Geneious Prime enhances access to bioinformatics by converting raw datasets into intuitive visual representations that facilitate sequence analysis in a user-friendly manner. It offers straightforward sequence assembly along with the convenient editing of contigs. Users benefit from automatic gene prediction, motif identification, translation, and variant calling through its annotation features. It also allows for the genotyping of microsatellite traces using automated ladder fitting and peak calling, producing comprehensive tables of alleles. The platform showcases beautifully designed visualizations of annotated genomes and assemblies, presented in a customizable sequence view that enhances user experience. Furthermore, it supports powerful analyses of SNP variants, simplifies RNA-Seq expression evaluations, and assists in amplicon metagenomics. Users can also design and test PCR and sequencing primers while developing their own searchable primer database. Additionally, Geneious Biologics provides a versatile, scalable, and secure solution to optimize workflows for antibody analysis, enabling the creation of high-quality libraries and the selection of the most suitable therapeutic candidates. This integration of tools fosters greater efficiency and innovation in biological research.

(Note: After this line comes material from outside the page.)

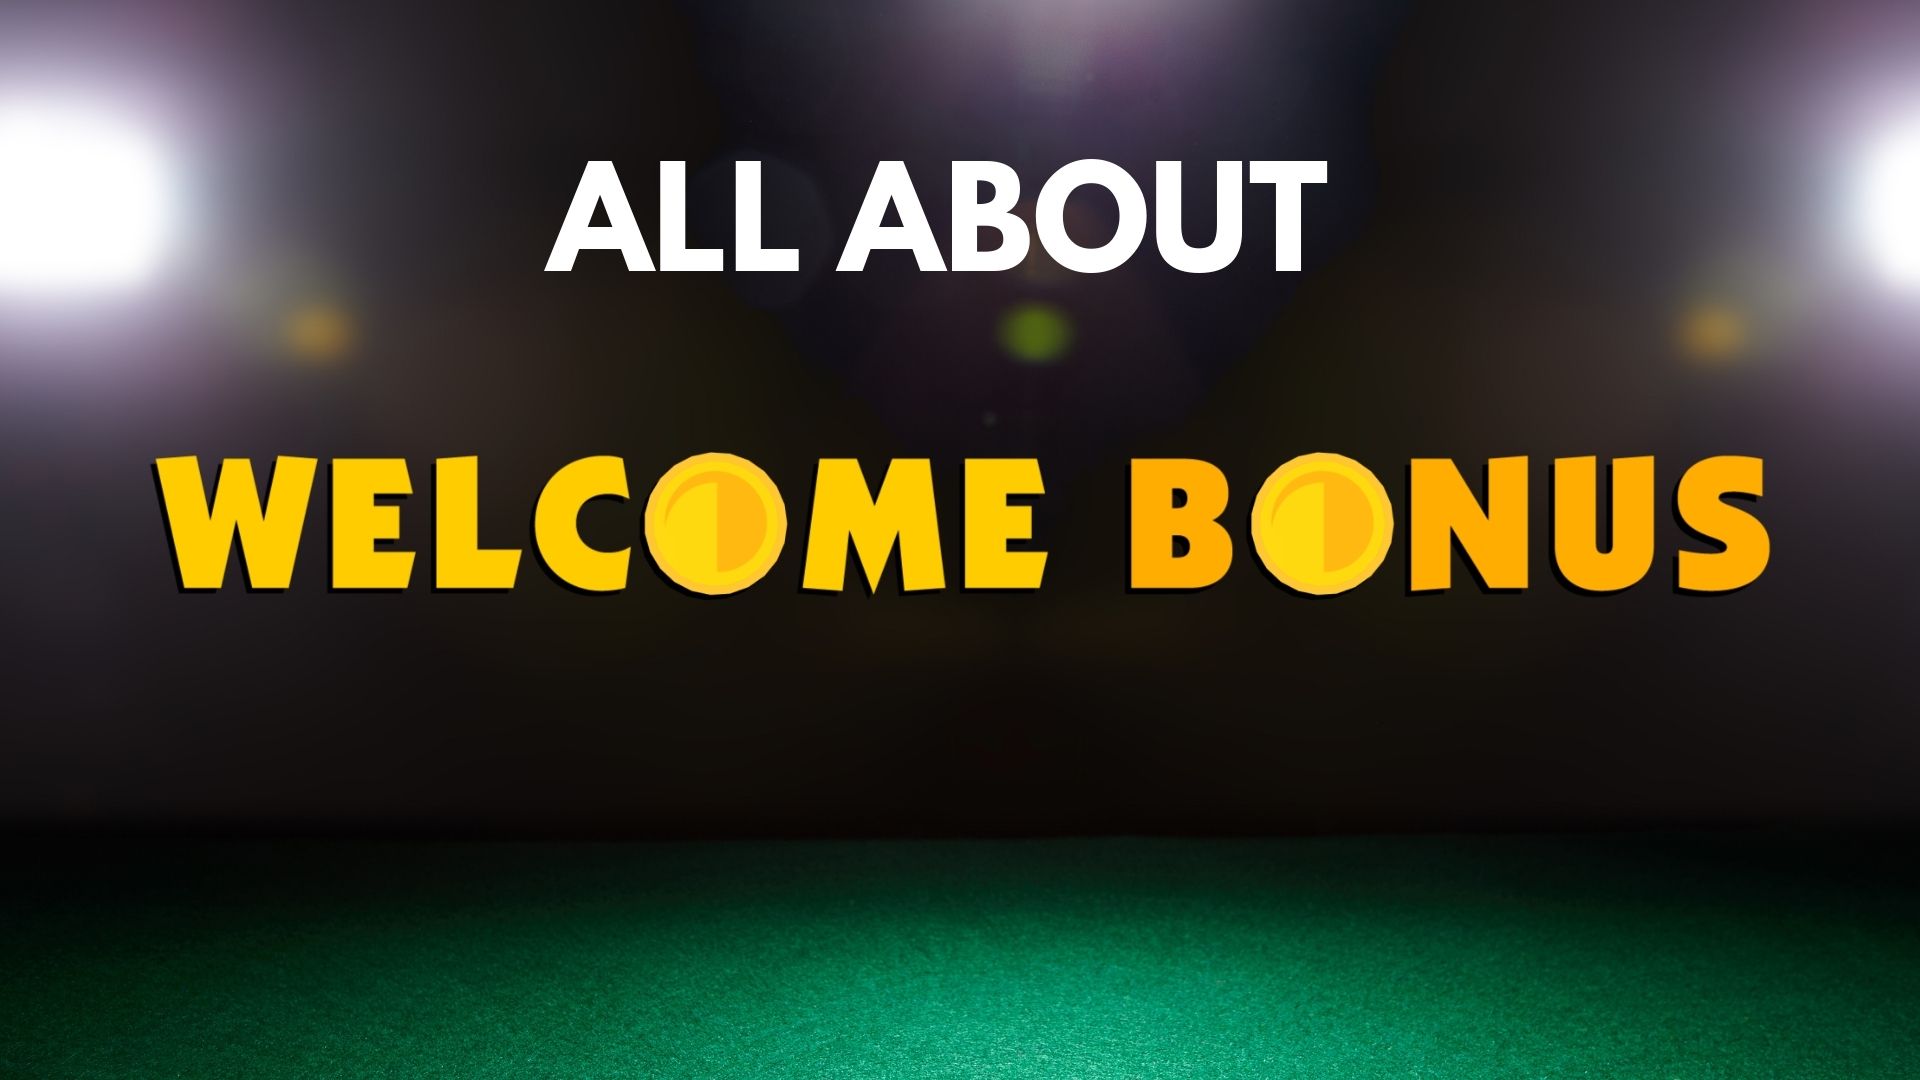 888 casino welcome bonus terms

Transform your single-cell RNA sequencing data into actionable insights using Cellenics software, which is hosted by Biomage as a community instance of this open-source analytics tool developed at Harvard Medical School. This platform empowers biologists to delve into single-cell datasets without the need for coding, while facilitating collaboration between scientists and bioinformaticians. Within just a few hours, it can convert count matrices into publication-ready figures, integrating effortlessly into your existing workflow. Cellenics is designed to be fast, interactive, and user-friendly, as well as being cloud-based, secure, and scalable to meet various research needs. The community instance provided by Biomage is available at no cost for academic researchers working with smaller to medium-sized datasets, accommodating up to 500,000 cells. Currently, over 3000 academic researchers engaged in studies related to cancer, cardiovascular health, and developmental biology are utilizing this powerful tool. This collaborative environment not only enhances research capabilities but also accelerates the discovery process in various scientific fields.

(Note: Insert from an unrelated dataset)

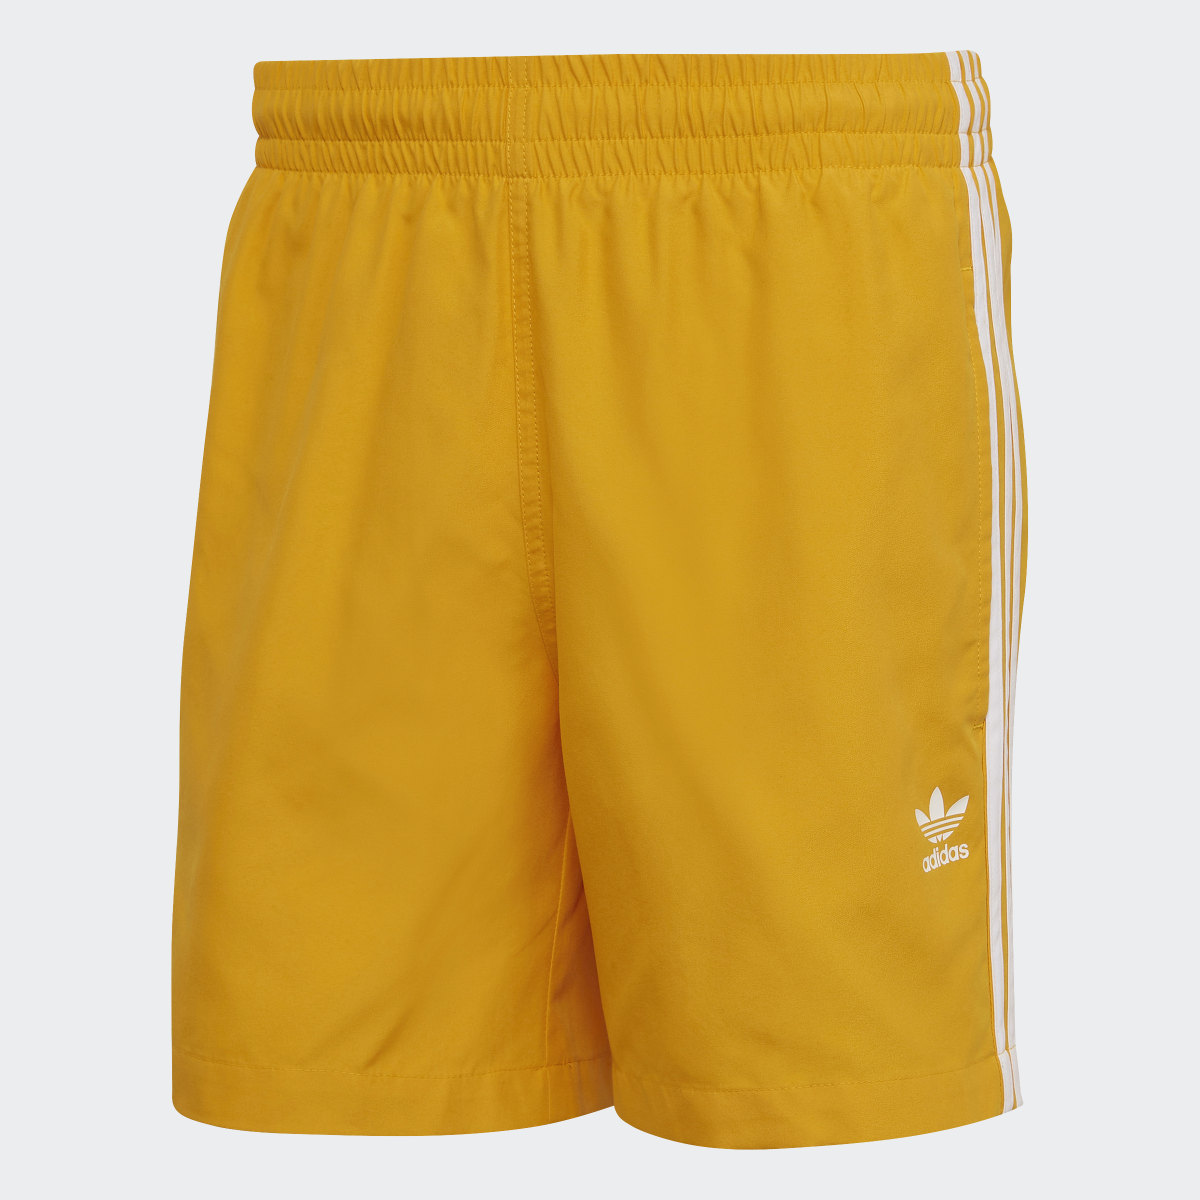 Adidas Adicolor Classics 3-Stripes Swim Shorts. 4

Cease the struggle with cloud infrastructure and unreliable informatics tools; begin uncovering biological insights immediately. The scientific exploration process is hindered by the disjointed nature of tools utilized by biology and bioinformatics teams. To address this issue, we developed a unified bioinformatics platform that bridges the gap between wet lab and dry lab operations in the cloud, enabling teams to expedite their research and development efforts. You can easily import raw data from your cloud, your service provider, or your team's instruments with minimal hassle. Create and implement tailored bioinformatics workflows in various programming languages without the frustration of complex infrastructure management. Effortlessly execute any workflow while maintaining a comprehensive log of every analysis performed. Our platform features ready-to-use interactive visualizations for NGS data that allow you to create point-and-click plots with ease. Additionally, Latch seamlessly integrates with your organization’s AWS S3, granting access to hundreds of terabytes of data within a user-friendly organic filesystem. You can define bioinformatics workflows and dynamically generate no-code interfaces using Python, with adjustable compute and storage options to suit your needs. This innovative approach not only streamlines the research process but also fosters collaboration among teams, ultimately leading to more impactful scientific discoveries.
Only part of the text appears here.